WHAT IS NEEDED:
Write out the lines below once more, exactly as they appear. Do not include pictures.

STORED DATA:

══════════════════════════════

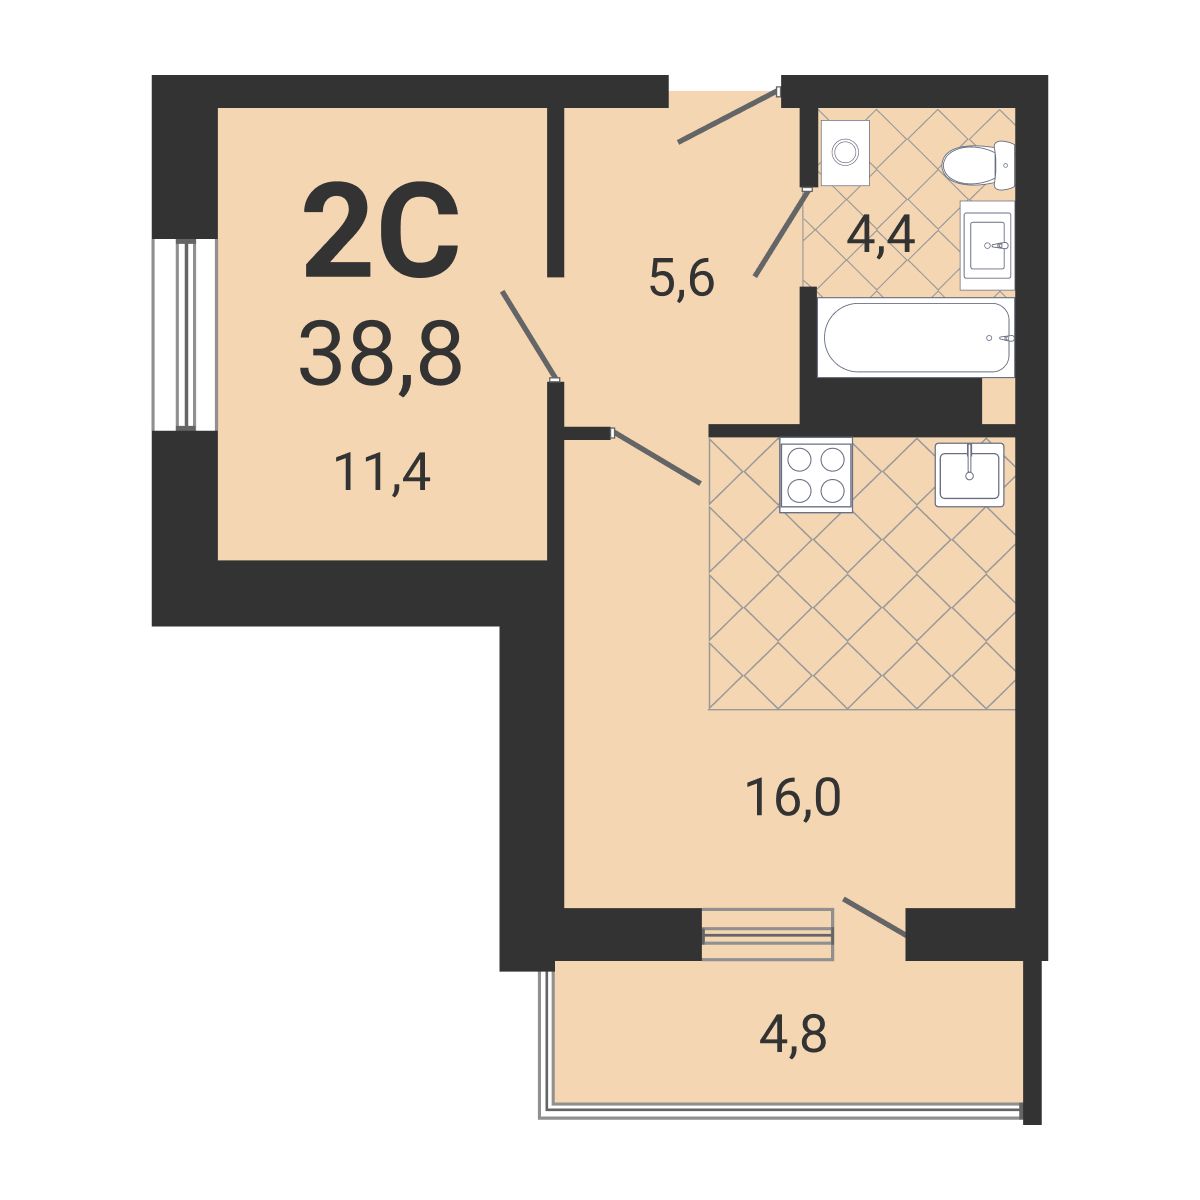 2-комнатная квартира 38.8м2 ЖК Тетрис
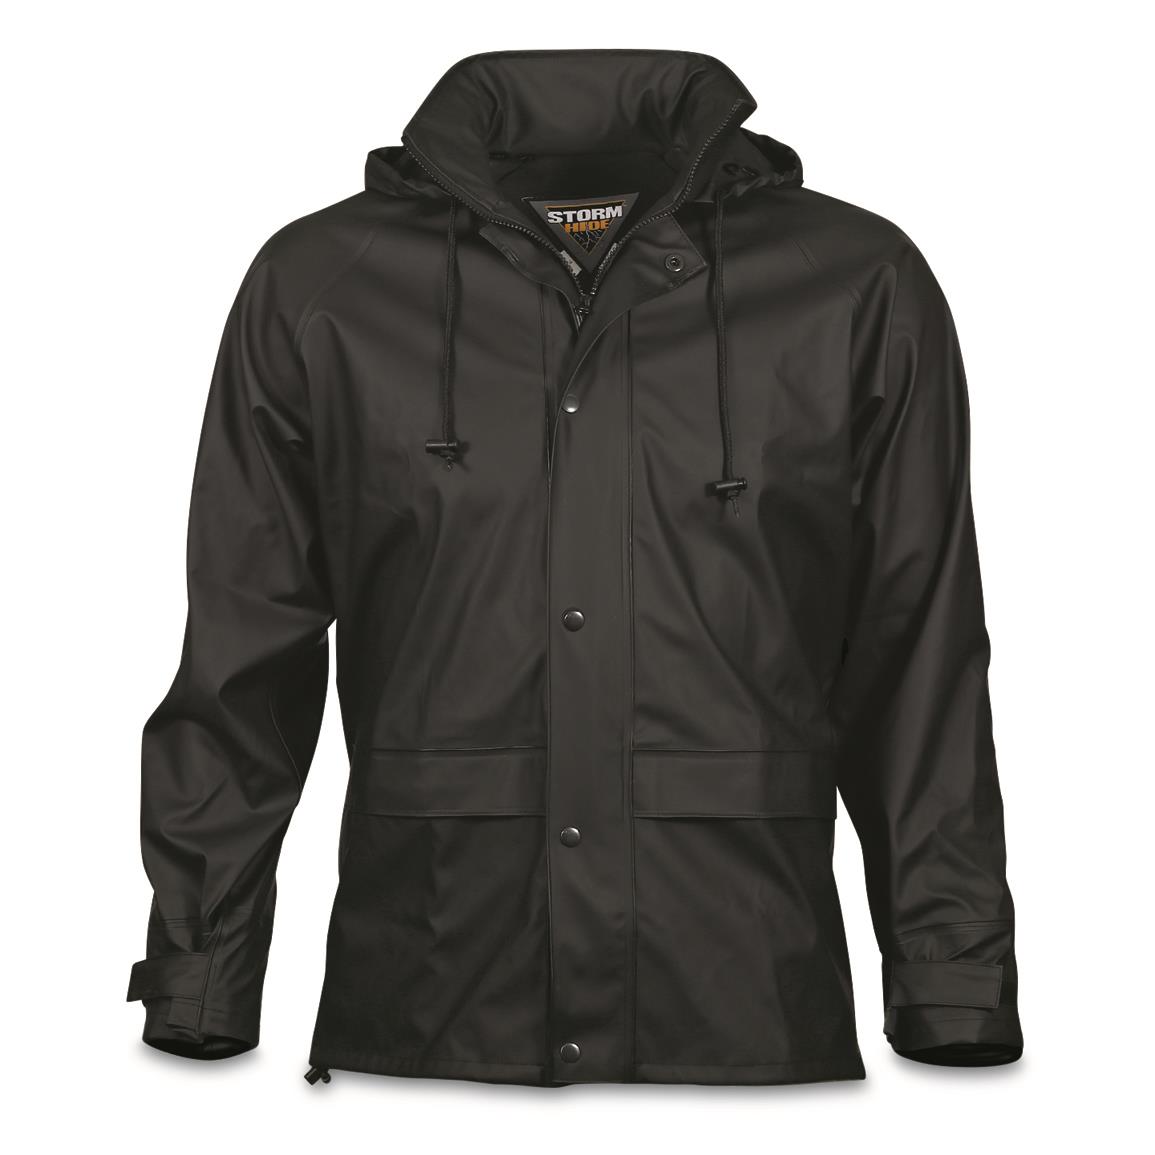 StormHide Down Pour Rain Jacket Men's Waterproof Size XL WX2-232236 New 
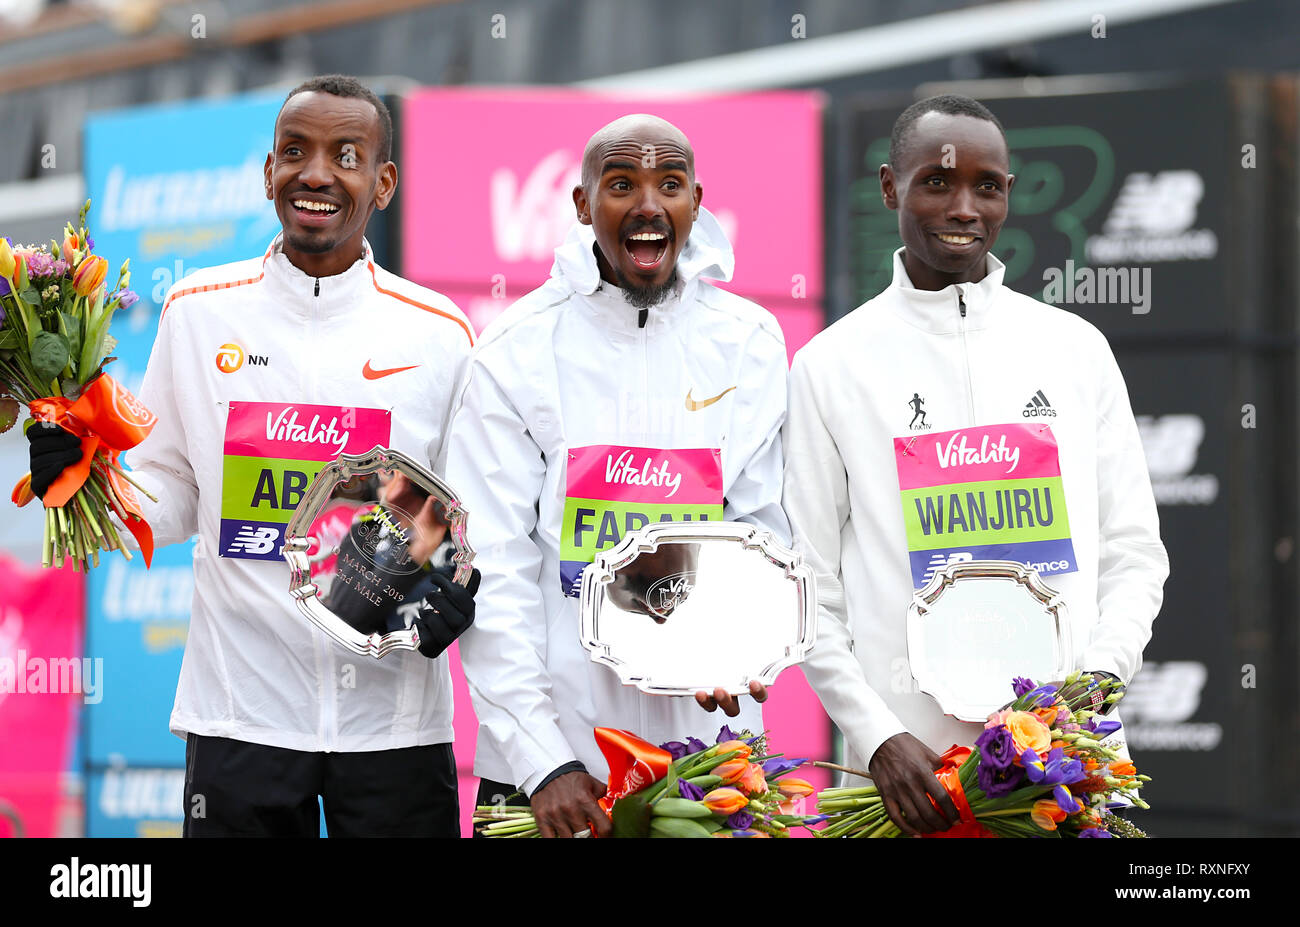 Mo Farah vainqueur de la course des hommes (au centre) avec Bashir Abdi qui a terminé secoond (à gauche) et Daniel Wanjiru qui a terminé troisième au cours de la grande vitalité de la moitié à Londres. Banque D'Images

══════════════════════════════

RESPONSE:
 2-комнатная квартира 38.8м2 ЖК Тетрис
 StormHide Down Pour Rain Jacket Men's Waterproof Size XL WX2-232236 New 
 Mo Farah vainqueur de la course des hommes (au centre) avec Bashir Abdi qui a terminé secoond (à gauche) et Daniel Wanjiru qui a terminé troisième au cours de la grande vitalité de la moitié à Londres. Banque D'Images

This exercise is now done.